## PROBLEM
Could you set down the listing below exactly, leaving out its pictures?

## DATA SEGMENT
# # # # #
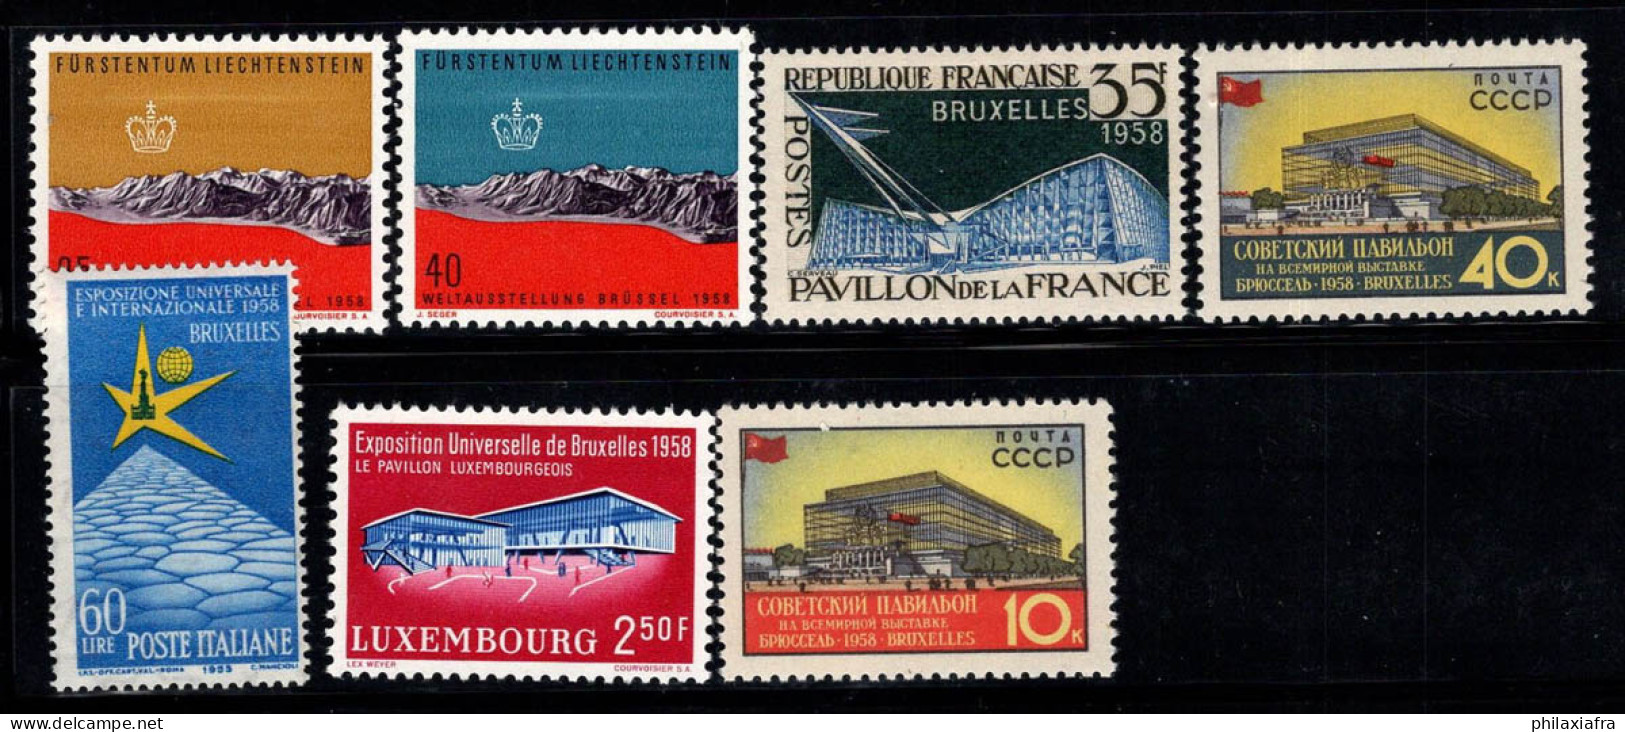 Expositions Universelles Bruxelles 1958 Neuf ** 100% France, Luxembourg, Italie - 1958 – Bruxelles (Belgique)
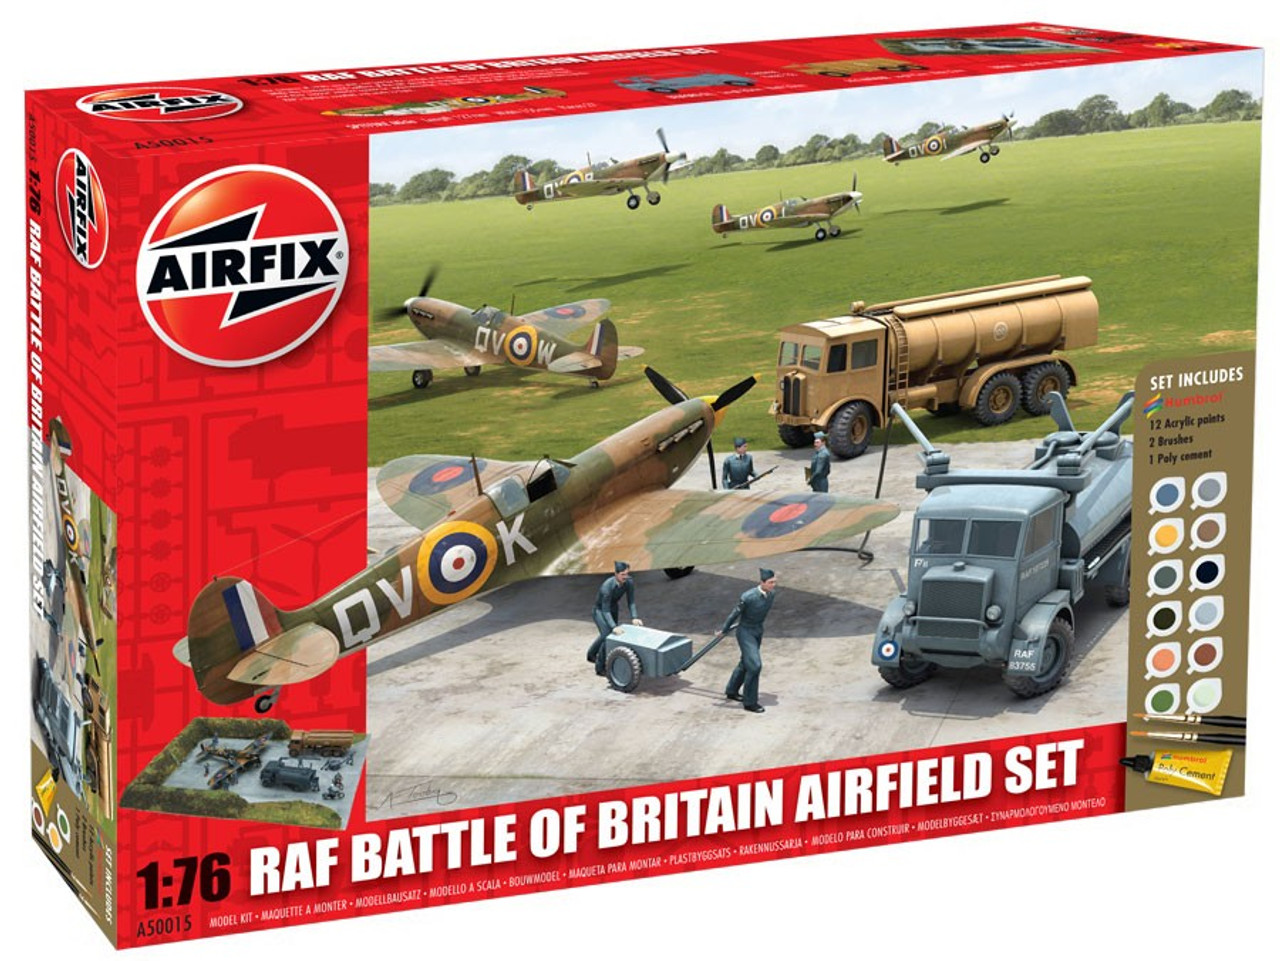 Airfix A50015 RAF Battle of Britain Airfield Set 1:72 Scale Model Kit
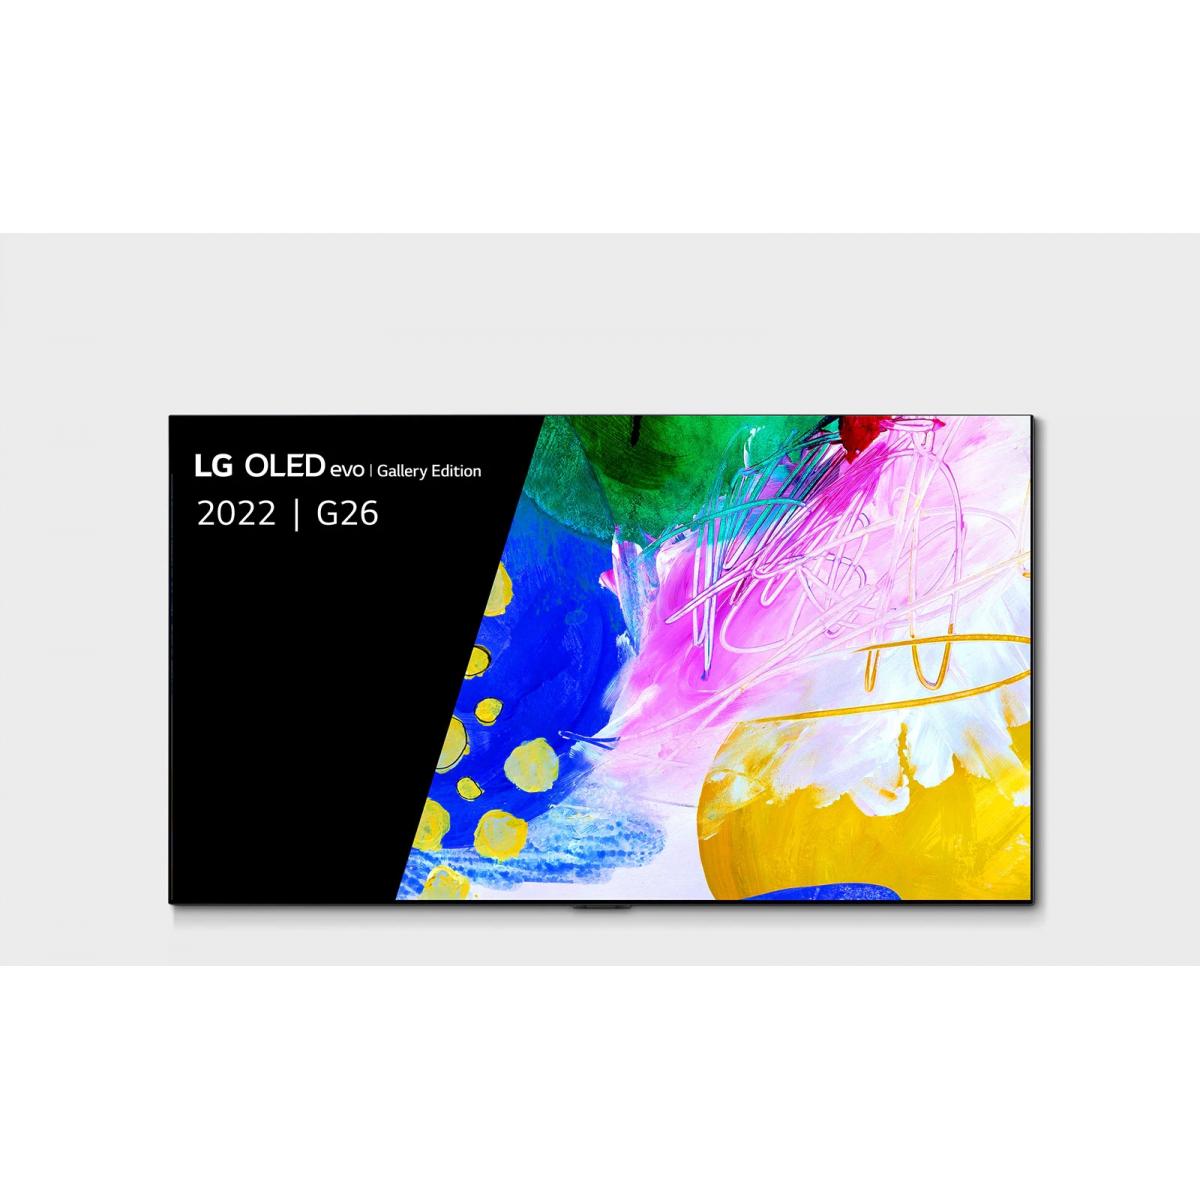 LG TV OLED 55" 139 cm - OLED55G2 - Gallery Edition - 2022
# # # # #
## RESPONSE AREA
 Expositions Universelles Bruxelles 1958 Neuf ** 100% France, Luxembourg, Italie - 1958 – Bruxelles (Belgique)
 Airfix A50015 RAF Battle of Britain Airfield Set 1:72 Scale Model Kit
 LG TV OLED 55" 139 cm - OLED55G2 - Gallery Edition - 2022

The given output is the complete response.